I have a setup of about 20 Linux machines, each with about 30-150 gigabytes of customer data. Probably the size of data will grow significantly faster on some machines than others. These are virtual machines on a VMware vSphere cluster. The disk images are stored on a SAN system.
I'm trying to find a solution that would use disk space sparingly, while still allowing for easy growing of individual machines.
In theory, I would just create big disks for each machine and use thin provisioning. Each disk would grow as needed. However, it seems that a 500 GB ext3 filesystem with only 50 GB of data and quite a low number of writes still easily grows the disk image to eg. 250 GB over time. Or maybe I'm doing something wrong here? (I was surprised how little I found on the subject with Google. BTW, there's even no thin-provisioning tag on serverfault.com.)
Currently I'm planning to create big, thin-provisioned disks - but with a small LVM volume on them. For example: a 100 GB volume on a 500 GB disk. That way I could more easily grow the LVM volume and the filesystem size as needed, even online.
Now for the actual question:
Are there better ways to do this? (that is, to grow data size as needed without downtime.)
Possible solutions include:
Using a thin-provisioning friendly filesystem that tries to occupy the same spots over and over again, thus not growing the image size.

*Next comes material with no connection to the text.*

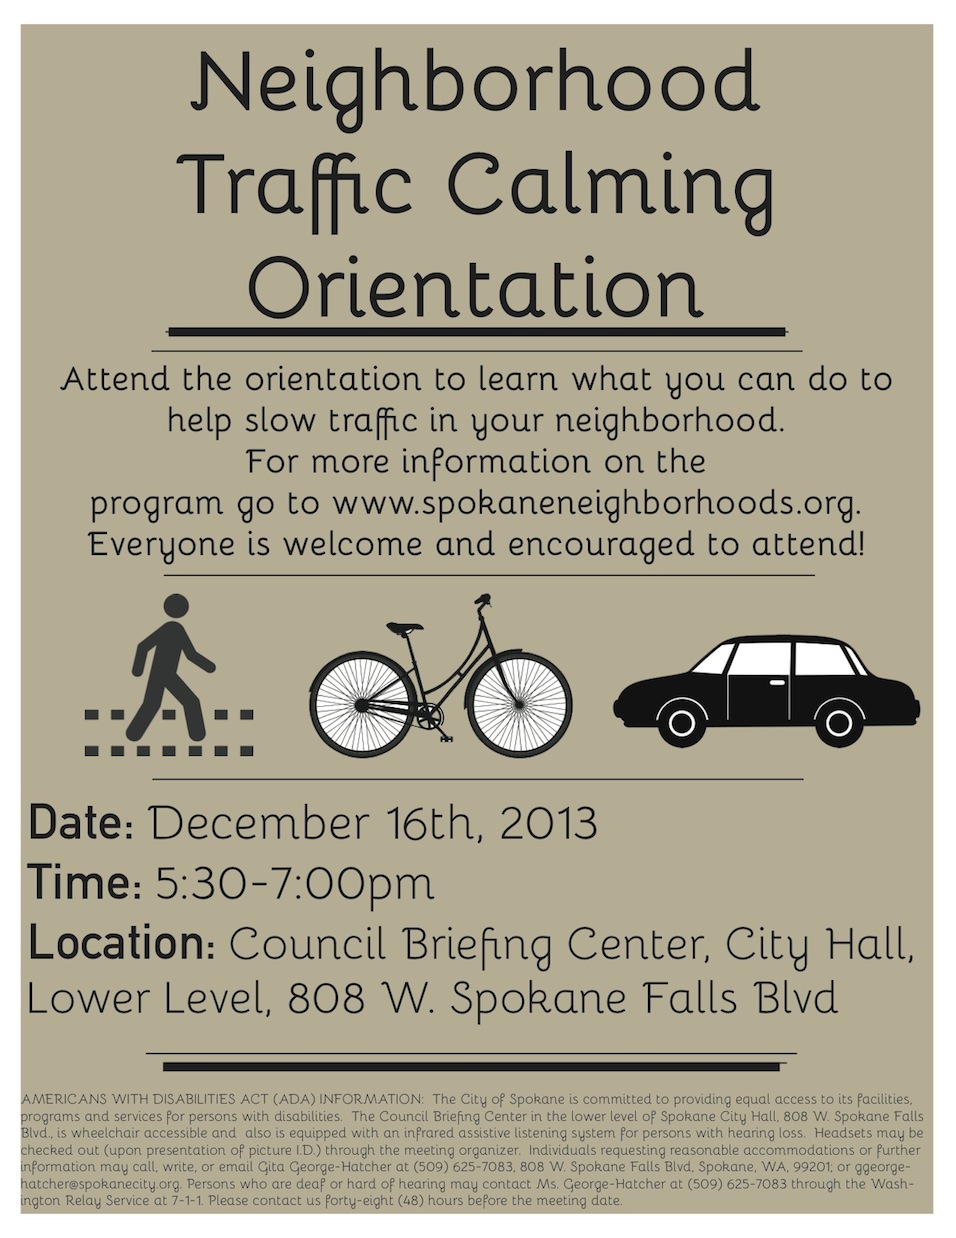 Traffic-Calming Orientation Tonight (Dec 16) - Emerson-Garfield Community
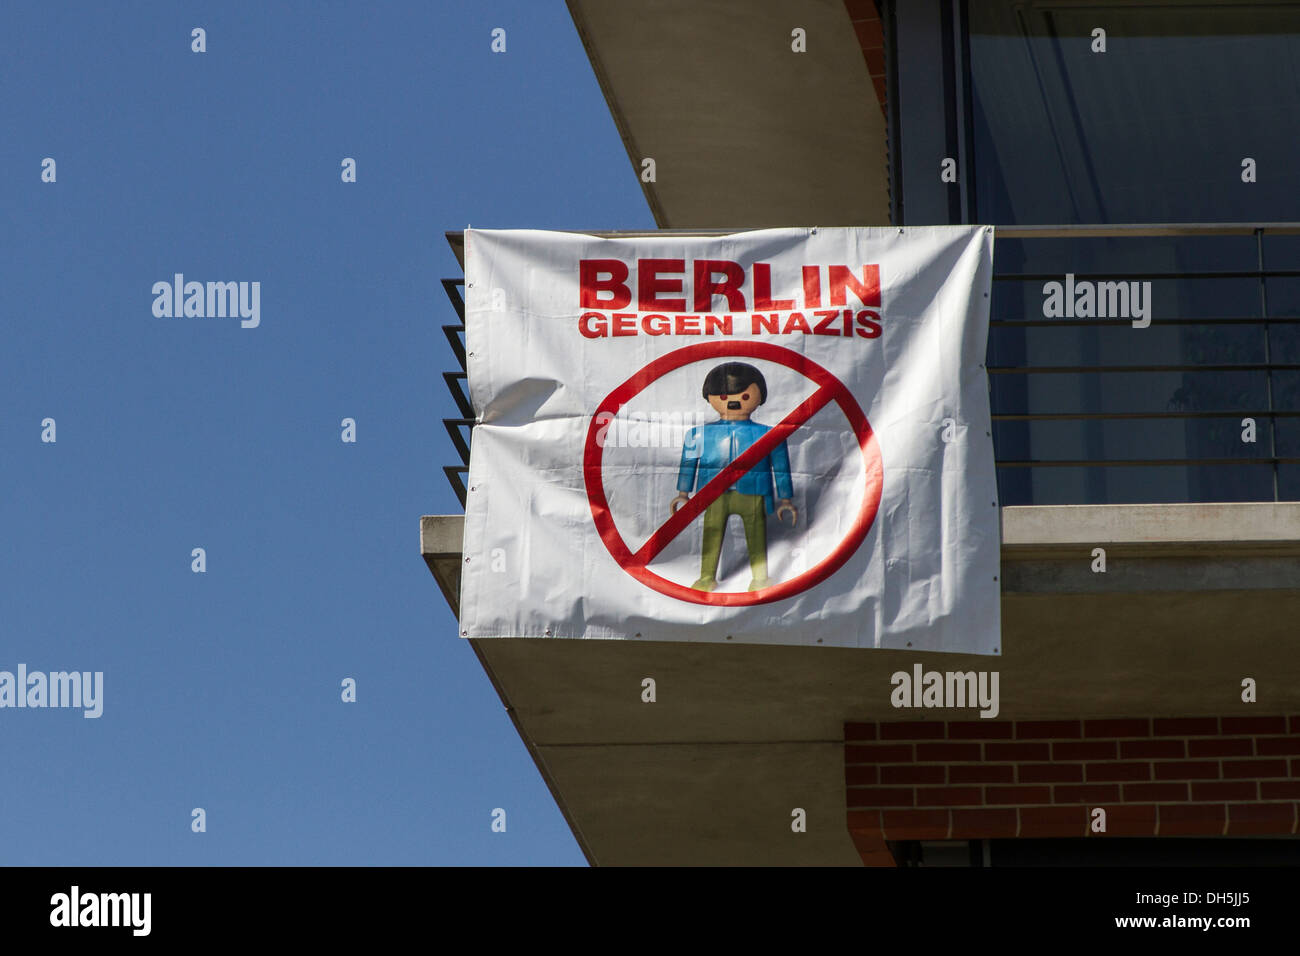 Banner "Berlin gegen Nazis", German for "Berlin against Nazis", with  crossed-out Hitler-Playmobil figure, Berlin Stock Photo - Alamy

Finding an easy method of reclaiming free space on the partition (re-thinning?)
Something else?
A bonus question: If I go with my current plan, would you recommend creating partitions on the disks (pvcreate /dev/sdX1 vs pvcreate /dev/sdX)? I think it's against conventions to use raw disks without partitions, but it would make it a bit easier to grow the disks, if that is ever needed. This is all just a matter of taste, right?